Roe, Robert M., Jermone R. Busemeyer, and James T. Townsend. "Multi-attribute Decision Field Theory: A dynamic connectionst model of decision making." Psychological review 108.2 (2001): 370.

MLBA{T <: Real, T1 <: Union{<: T, Vector{<: T}}} <: AbstractMLBA{T,T1}

Fields

• ν::Vector{T}: a vector of drift rates, which is a function of β₀, λₚ, λₙ, γ. ν ∈ ℝⁿ.
• β₀::T: baseline input for drift rate. β₀ ∈ ℝ.
• λₚ::T: decay constant for attention weights of positive differences. λₚ ∈ ℝ⁺.
• λₙ::T: decay constant for attention weights of negative differences. λₙ ∈ ℝ⁺.
• γ::T: risk aversion exponent for subjective values. γ ∈ ℝ⁺.
• σ::T1: a scalar or vector of drift rate standard deviation. σ ∈ ℝ⁺.
• A::T: max start point. A ∈ ℝ⁺.
• k::T: A + k = b, where b is the decision threshold. k ∈ ℝ⁺.
• τ::T: an encoding-response offset. τ ∈ [0, min_rt].

Constructors

MLBA(ν, β₀, λₚ, λₙ, γ, σ, A, k, τ)

MLBA(;
    n_alternatives = 3,
    ν = fill(0.0, n_alternatives),
    β₀ = 5.0,
    λₚ = 0.20,
    λₙ = 0.40,
    γ = 5.0,
    τ = 0.3,
    A = 1.0,
    k = 1.0,
    σ = 1.0
)

Example

using SequentialSamplingModels

dist = MLBA(
    λₚ = 0.20,
    λₙ = 0.40,
    β₀ = 5,
    γ = 5,
    τ = 0.3,
    A = 0.8,
    k = 0.5
)

M = [
    1 4
    2 2
    4 1
]

choice, rt = rand(dist, 1000, M)
like = pdf.(dist, choice, rt, (M,))
loglike = logpdf.(dist, choice, rt, (M,))

References

Trueblood, J. S., Brown, S. D., & Heathcote, A. (2014). The multiattribute linear ballistic accumulator model of context effects in multialternative choice. Psychological Review, 121(2), 179.

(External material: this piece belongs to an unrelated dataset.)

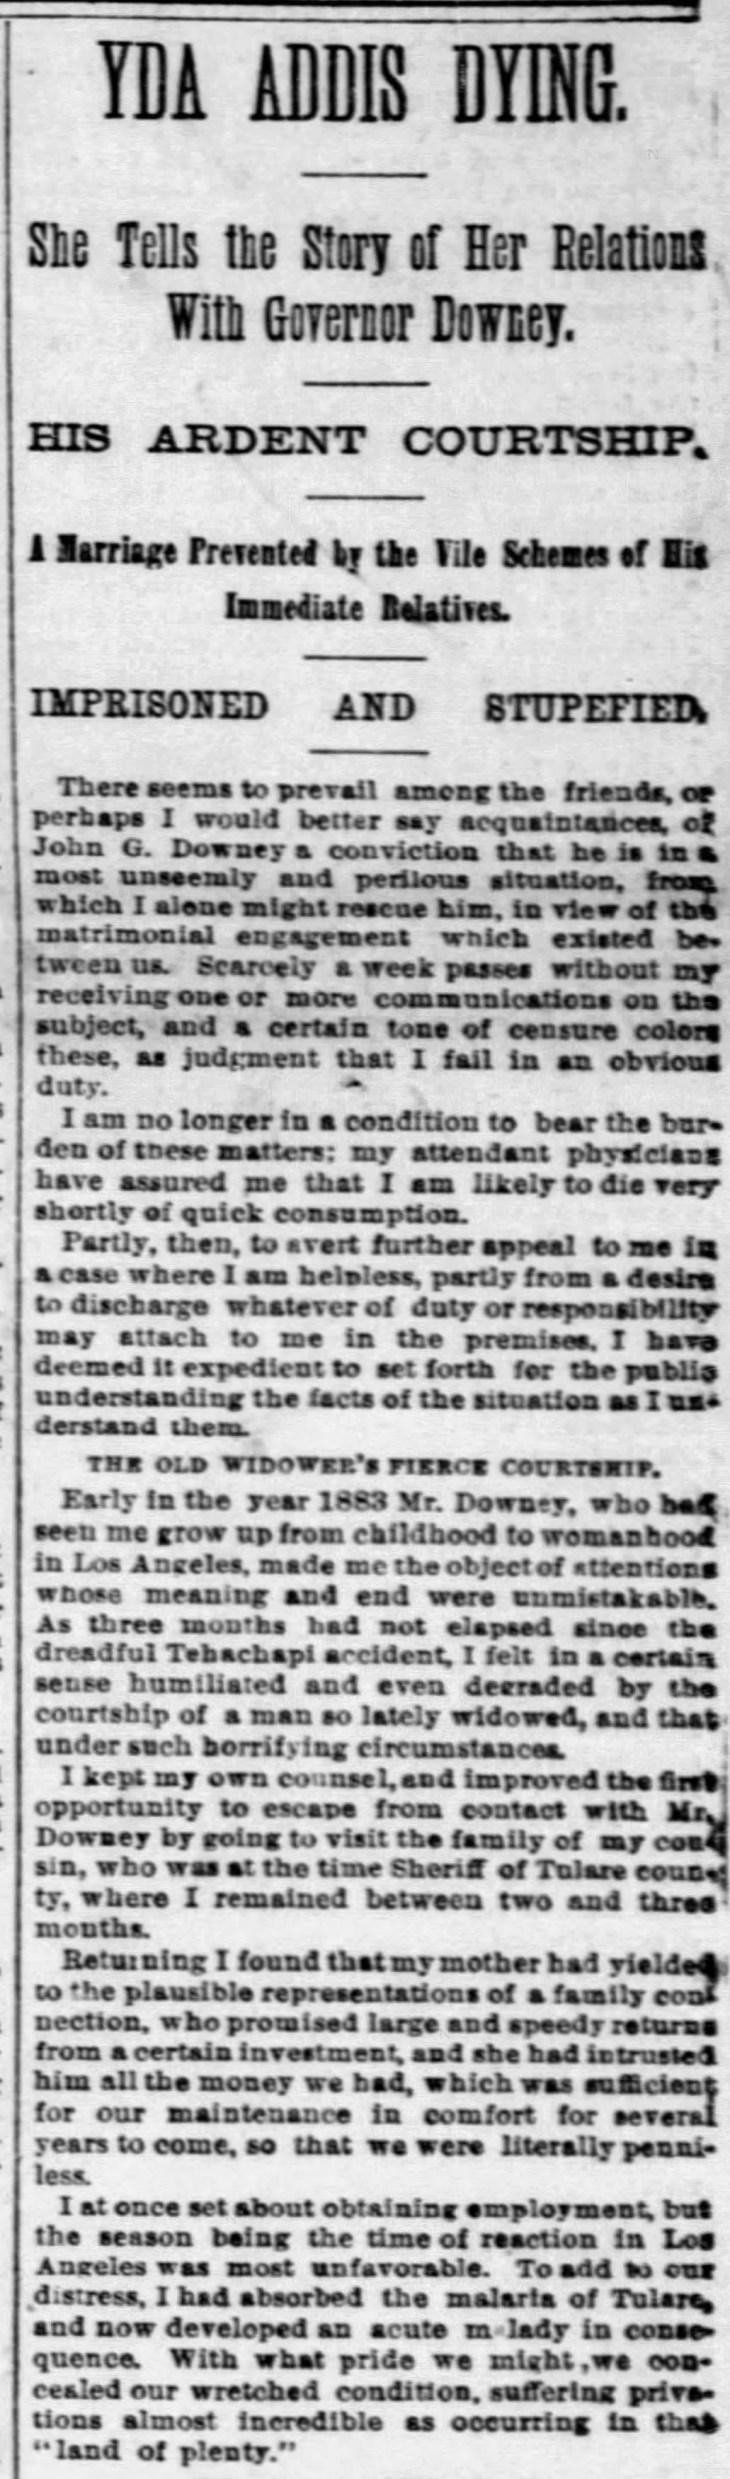 Yda dying detail The_San_Francisco_Examiner_Sun__Apr_22__1888_

PoissonRace{T<:Real} <: AbstractPoissonRace

Parameters

• ν::T: gamma scale parameter. ν ∈ ℝ⁺.
• α::T: threshold. α ∈ ℝ⁺
• τ::T: a encoding-response offset. τ ∈ [0, min_rt].

Constructors

Two constructors are defined below. The first constructor uses positional arguments, and is therefore order dependent:

PoissonRace(ν, α, τ)

The second constructor uses keywords with default values, and is not order dependent:

PoissonRace(;ν=[.05,.06], α=[5,5], τ=.3)

Example

using SequentialSamplingModels
dist = PoissonRace(ν=[.05,.06], α=[5,5], τ=.3)
choice,rt = rand(dist, 10)
like = pdf.(dist, choice, rt)
loglike = logpdf.(dist, choice, rt)

References

LaBerge, D. A. (1962). A recruitment model of simple behavior. Psychometrika, 27, 375-395.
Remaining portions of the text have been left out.